Plaintiff introduced little evidence to show compensable injuries. He introduced no photographs, medical records or documentation of lost wages. Indeed the only evidence was his testimony which can best be described as perfunctory. Plaintiff testified he suffered a laceration and that he suffered a fractured skull. However he did not introduce any medical testimony or records to document his skull fracture.[3] Plaintiff also testified he was unable to work for a period of time. Plaintiff's work was intermittent, and there was no evidence as to how many work opportunities Plaintiff lost because of his injuries. The upshot of this is the only evidence upon which the trial court could base an award was Plaintiff's testimony that he suffered a four inch laceration which hurt for about a month.

Analysis [4]

This court reviews the denial of a motion for a new trial for an abuse of discretion.[5] Thus, the lower court's decision will not be disturbed unless the "evidence preponderates so heavily against" the decision.[6] Although, in one sense it is understandable that the trial court awarded zero damages, that award insofar as it relates to pain and suffering, is contrary to the law. Because Plaintiff failed to introduce sufficient evidence to show lost wages and medical expenses, the trial court's decision not to award damages for those is affirmed.

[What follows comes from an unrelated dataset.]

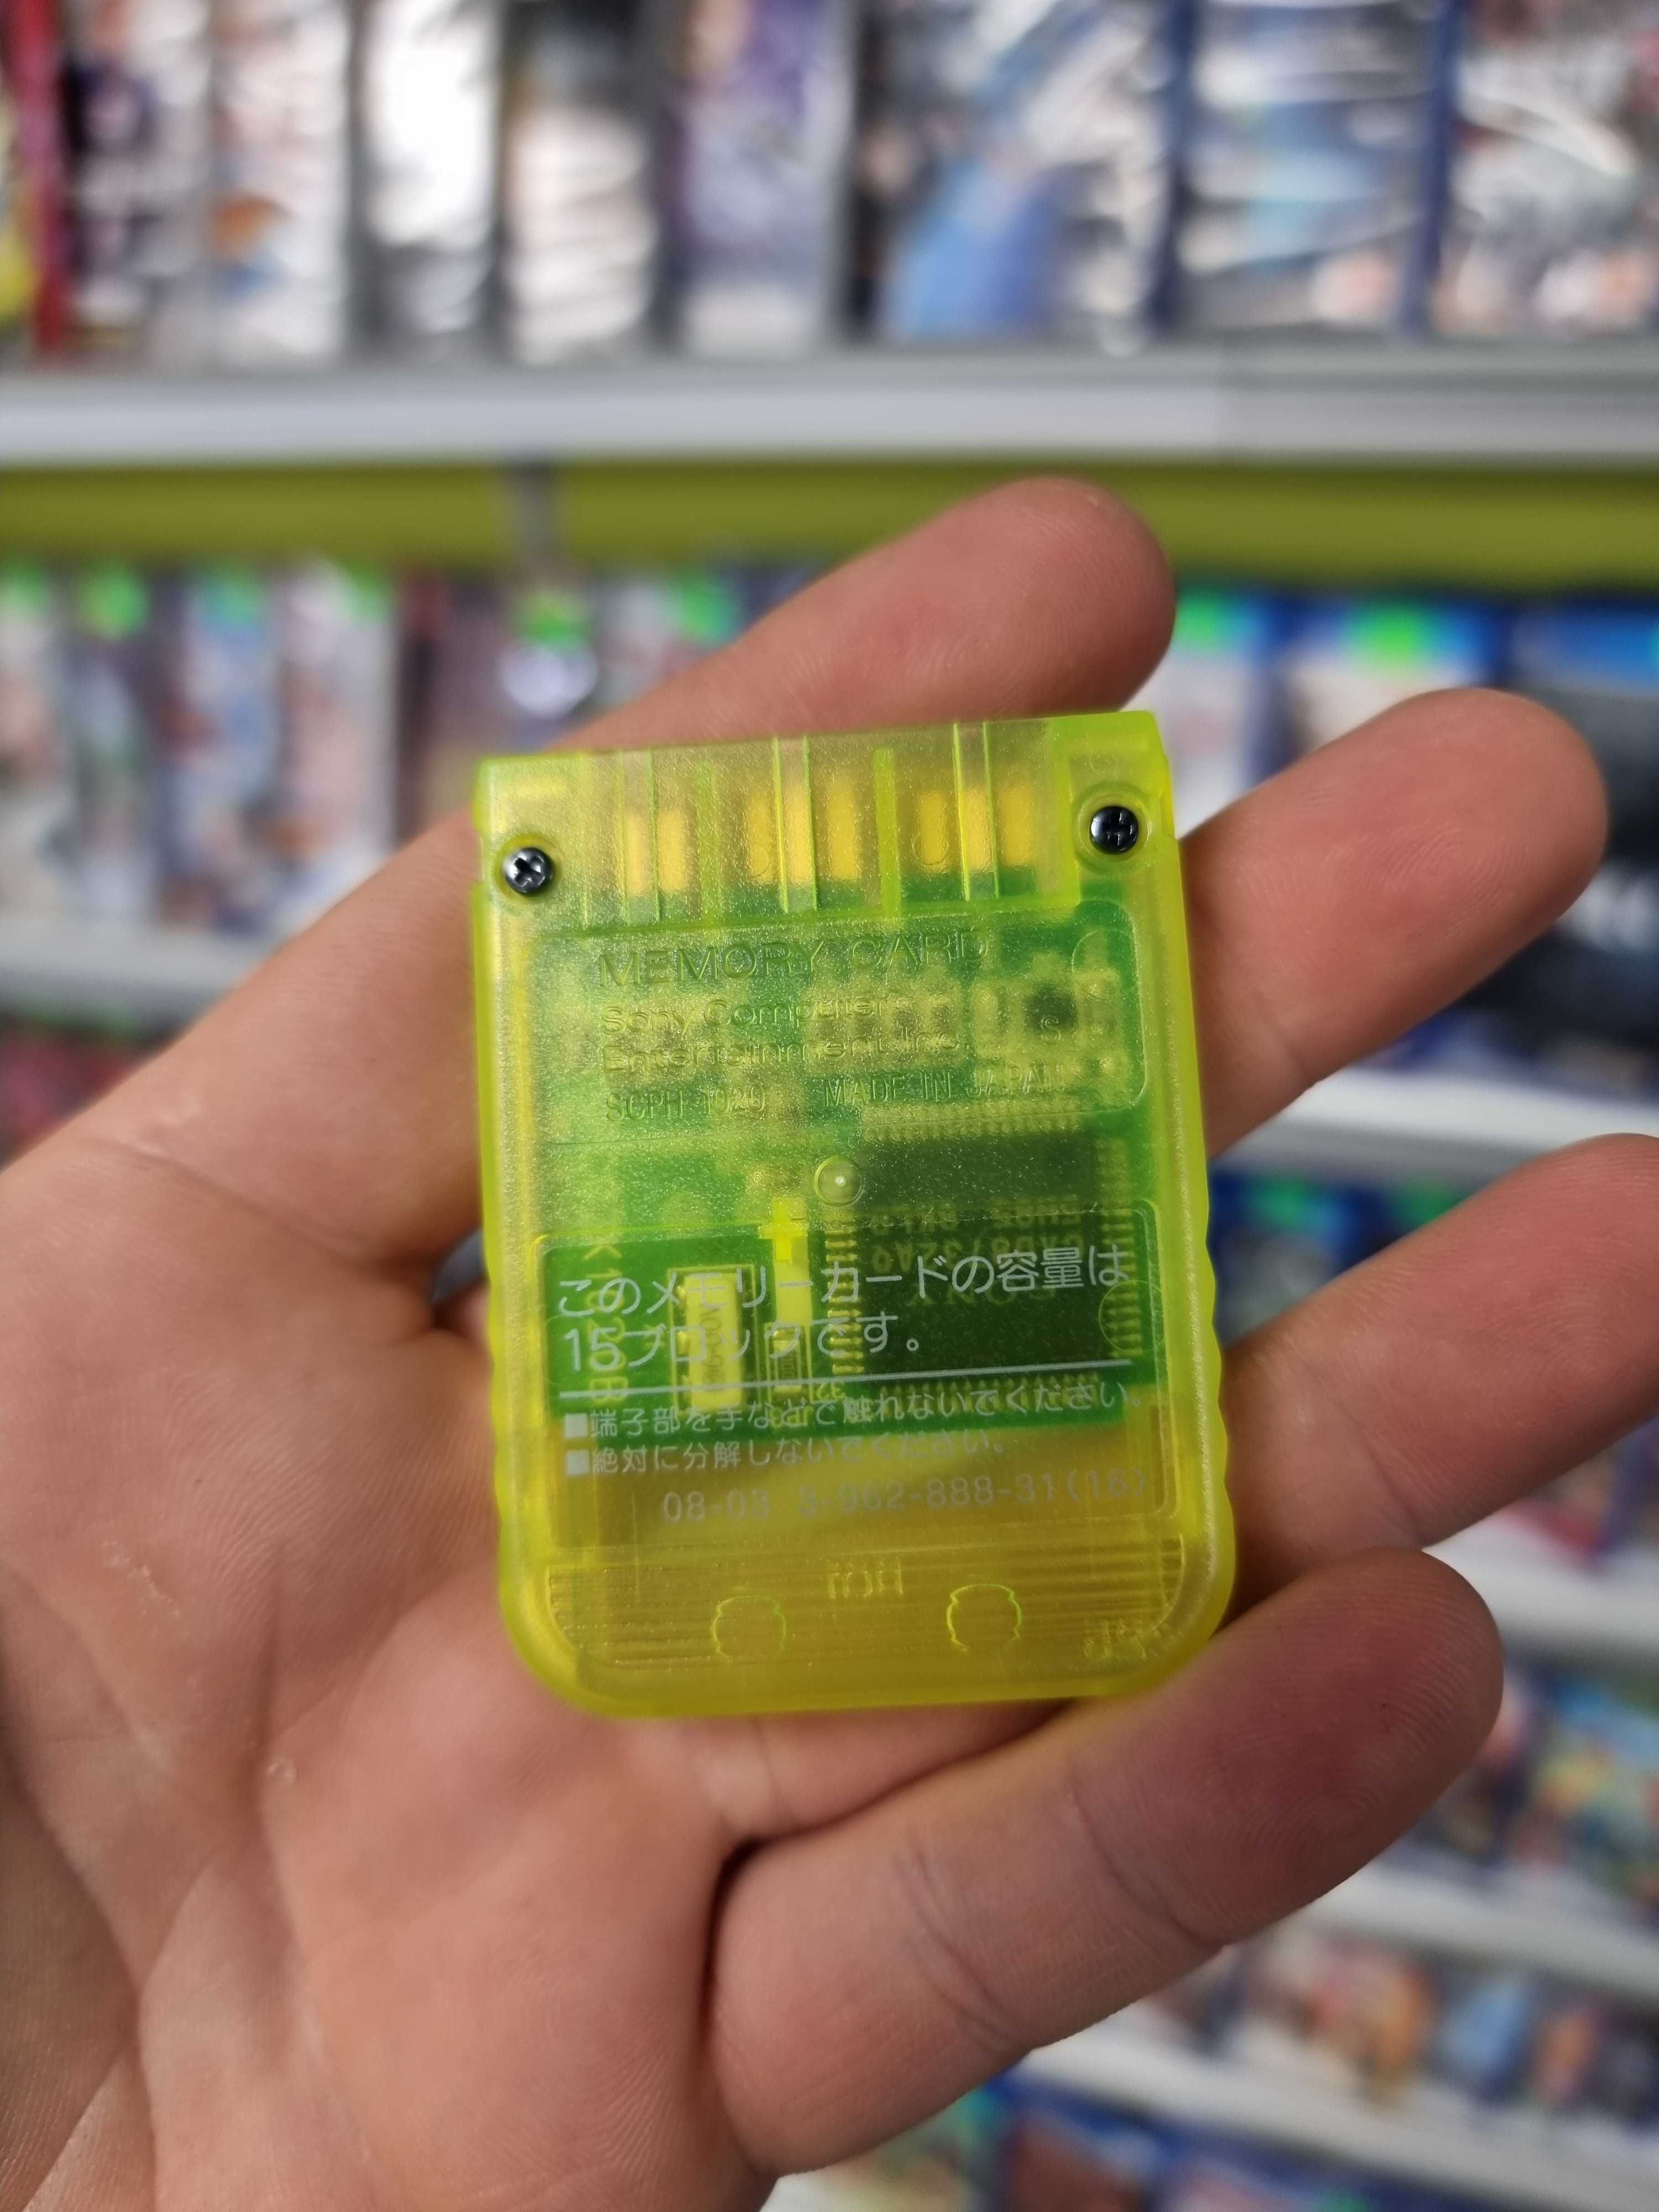 Oryginalna karta pamięci Playstation PSX PS1 Lemon Żółta JAPONIA

Typically after a default judgment is ordered, an inquisition hearing is held to determine damages.[7] The preponderance of evidence is the evidentiary standard for this kind of hearing.[8] Accordingly, "[e]vidence that is unrebutted when presented by one side . . . should . . . be considered conclusive."[9] Plaintiff offered substantially no evidence to support his claim Here, it is unrebutted that plaintiff suffered a laceration on his head and suffered pain for about a month. It is well settled that "where evidence conclusively establishes the existence of an injury, however minimal, [an] award of zero damages is against the weight of the evidence and it is an abuse of discretion to deny a new trial."[10] The Supreme Court stated in Maier v. Santucci, [11] "once the existence of an injury has been established causally related to the [tortuous conduct] . . . a verdict of at least minimal damages" is required.[12] Despite the minimal evidence presented, Patton conclusively established an injury, in the form of a laceration, was caused by Yancey and is therefore entitled to at least "minimal damages."

The trial court's dismissal of Plaintiff's claims for medical expenses and lost wages is AFFIRMED. Its denial of Plaintiff's claims for compensatory damages for his laceration is REVERSED and REMANDED.